Vine a Europa, donde todos mis amigos tienen años de cultivar conciencia ecológica, con cierto miedo: ¿Podré contarles que recién me compré un pick-up de seis cilindros, y que además este vehículo me encanta, y que nuestro segundo carro en la casa no es uno de estos huevitos que casi caminan sin gasolina, sino una camioneta 4x4? Sentí este miedo porque todas las revistas europeas --incluyendo las de automovilismo que antes eran el único reducto donde no penetraba el ‘political correctness’-- te sermonean que este tipo de carros ruinan el medio ambiente y que había que evitar que todos los chinos y hindúes y guanacos del mundo se compren este tipo de carros, porque esto acabaría con el planeta. Cuando llegué a Hamburgo, una metrópolis de 3 millones de habitantes, y vi los miles de carritos tipo Smart, Mini, Vokswagen Lupo y Fiat 50, me quedé definitivamente ahuevado. Para compensar mis pecados en casa y para evitar que alguien me meta en discusiones sobre mi debilidad con carros grandes, me conseguí, para mis viajes en Alemania, un diminuto Kia Picanto.
Pero, ¡qué sorpresa me esperaba en las carreteras, en las famosas autopistas alemanas! Sólo vi a sobrepasarme carrazos grandes, caros y gastones, a velocidades inalcanzables para mi leal pero humilde Picanto. En dos horas de autopista no vi ningún Smart. Lógico, estos carros políticamente correctos son para la ciudad y para la conciencia tranquila. Son el segundo o tercer carro de la familia. Para viajar, el alemán saca del garaje su BMW, su Audi o su Mercedes. Y en el balneario de clase media baja en el Mar Báltico, todo el mundo me miró con lástima bajándome de un Picanto en los parqueos repletos de carros que cuestan lo triple de mi pick-up Frontier y gastan lo doble de gasolina. ¡Y yo teniendo miedo por mis pecados automovilísticos! Si encontrara una camiseta que diga: “Manejo un monster truck. ¡?Y qué?!”, me la compraría y me la pusiera orgullosamente. No la voy a encontrar. Sería políticamente incorrecto...

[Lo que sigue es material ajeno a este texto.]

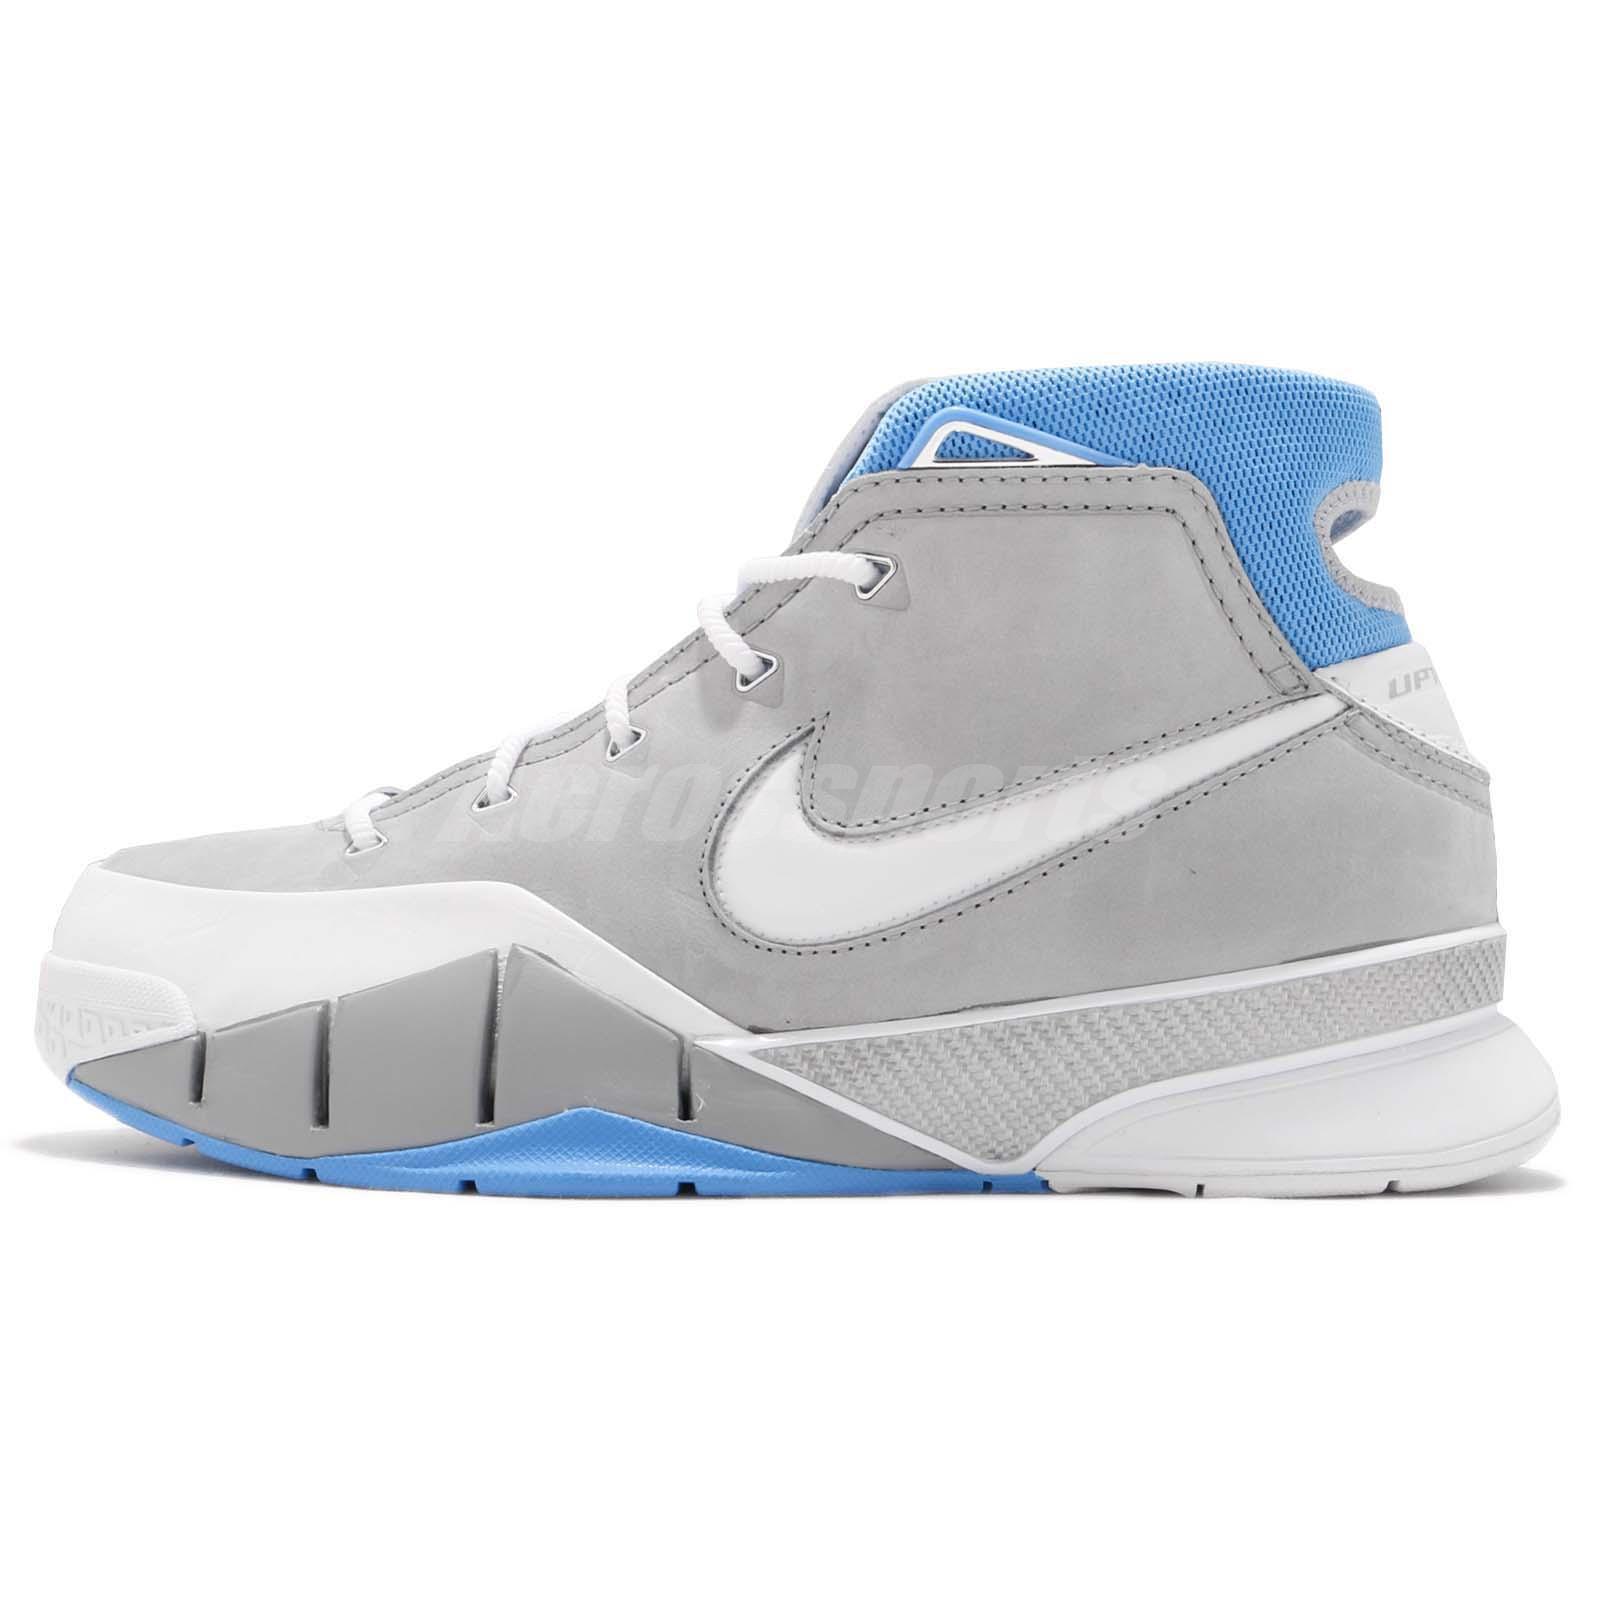 promo code efe13 68d63 Nike Kobe 1 Protro MPLS Bryant Mamba Grey Blue Men Basketball Shoes  AQ2728-001

El otro miedo que traje conmigo ya lo estoy perdiendo. Casi. El miedo de que mis amigos alemanes se den cuenta que ya no soy del Frente. De los pocos alemanes que saben donde en el planeta se encuentra El Salvador, la mayoría me dice: “¡Que bueno que al final ustedes van a ganar, después de tantos sacrificios!” Si ya tengo un carro bueno y un negocio floreciente, y si además publico mis columnas en un periódico de derecha como el Diario de Hoy, ¿para qué voy a tener miedo a confesar que no soy partidario ni del socialismo del siglo 21, ni del sandinismo de Ortega, ni del FMLN de la posguerra, ni de Mauricio Funes? Bueno, tal vez porque esta confesión provoca la pregunta: “Y ahora, ¿cuál es tu proyecto?”, a la que tengo que contestar que quiero ver tomar forma y fuerza en América Latina una idea tan aburrida y poco erótica que la socialdemocracia. Y en este punto mis amigos llegan a la conclusión que este hombre que mandaron a hacer la revolución en América Latina se quedó demasiado tiempo en el trópico. “Sos una ruina tropical”, me dijo un muy querido amigo y compañero de muchas batallas en los 60...
A lo mejor tiene razón. ¿!Y qué!?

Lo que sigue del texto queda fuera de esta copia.